Rehearing Denied Aug. 8, 1988.
Stephen F. Malouf, Dallas, Tex., for plaintiff-appellant.
Michael Farris, James Knox, Dallas, Tex., for intervenors-appellees.
Brian Hurst, Dallas, Tex., for defendants-appellees.
Appeal from the United States District Court for the Northern District of Texas.
Before REAVLEY, GARWOOD and DAVIS, Circuit Judges.
REAVLEY, Circuit Judge:
Stanley L. Neeley appeals the district court's order releasing Fireman's Fund from liability as a surety on a supersedeas bond filed in a prior appeal of this case. We affirm.
* Neeley sued Clint Murchison, Bankers Trust Company, and TeCe Corporation for breach of contract and fraud. Neeley v. Bankers Trust Co. of Tex., 757 F.2d 621, 623-24 (5th Cir.1985). The dispute centered on promises and other dealings between Neeley and Murchison while Neeley was president and Murchison was chairman of the board of Optimum Services, Inc. The jury awarded over two million dollars on the contract claim, approximately $300,000 on the fraud claim, and $750,000 as punitive damages. Id. at 625. The district court reduced the contract award to $775,187.30, disallowed the fraud damages as duplicative of the contract damages, but allowed all of the punitive damages. Id. at 625-26. The total damages awarded were slightly over 1.5 million dollars. Id. at 626.1
Murchison appealed and was a principal with American Insurance Company, Fireman's Fund's predecessor in interest, as surety on a supersedeas bond of $1,830,475. That bond provided:
Appellants shall prosecute their appeal with effect; and in case the Judgment of the United States Court of Appeals or the United States Supreme Court shall be against them, they shall perform its judgment, sentence or decree, and pay all such damages as said Court may award against them.
Murchison went into bankruptcy during the pendency of the appeal. The court of appeals did not order a monetary recovery against Murchison. It reversed the contract claim, finding that the indefiniteness of its essential terms rendered it unenforceable.

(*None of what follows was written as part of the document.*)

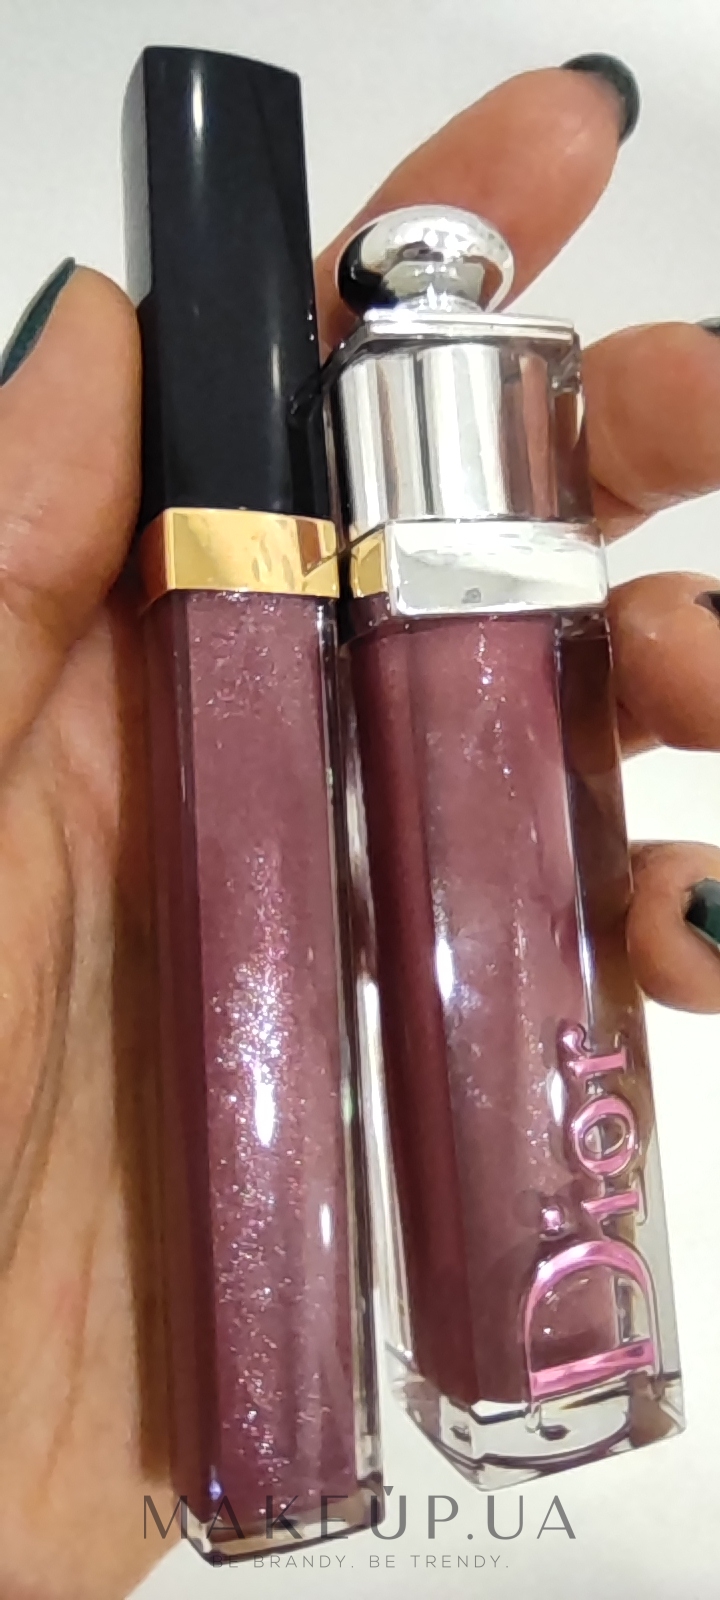 CHANEL ROUGE COCO GLOSS 119 BOURGEOISIE 187002855, Beauty & Personal Care,  Face, Makeup on Carousell

The court found that Murchison was liable for his fraud, but the court could not determine the amount of damages for that claim. Instead, the case was remanded for a new trial on damages for fraud. Similarly, although the court found that exemplary damages were warranted, it vacated those damages because it could not determine "the reasonableness of the relationship between the existing exemplary award and a compensatory award that the district court has yet to render." Neeley, 757 F.2d at 630-31.
After the opinion was announced, Neeley moved the court to stay release of the supersedeas bond. The court granted the motion and denied Murchison's motion for reconsideration. On remand, Fireman's Fund intervened to protect their interest on the bond. The district court stayed release of the bond. Eventually, the court reversed itself and released Fireman's Fund from liability. It then denied Neeley's motion for reconsideration but certified the issue pursuant to 28 U.S.C. Sec. 1292(b). We accepted certification.2
II
The issue presented in this case is whether a surety remains bound on a supersedeas bond after the court remands for a new trial on damages. As both sides agree, a bond, being a contract, is controlled by the language in the bond. See Aetna Casualty & Sur. Co. v. LaSalle Pump & Supply Co., 804 F.2d 315, 317 (5th Cir.1986). Here, the bond provides for the principals and surety to "perform [the court of appeals] judgment, sentence or decree, and pay all such damages as said Court may award against them." Does the obligation to perform the "judgment, sentence or decree" and "pay all such damages" include the damages award on retrial?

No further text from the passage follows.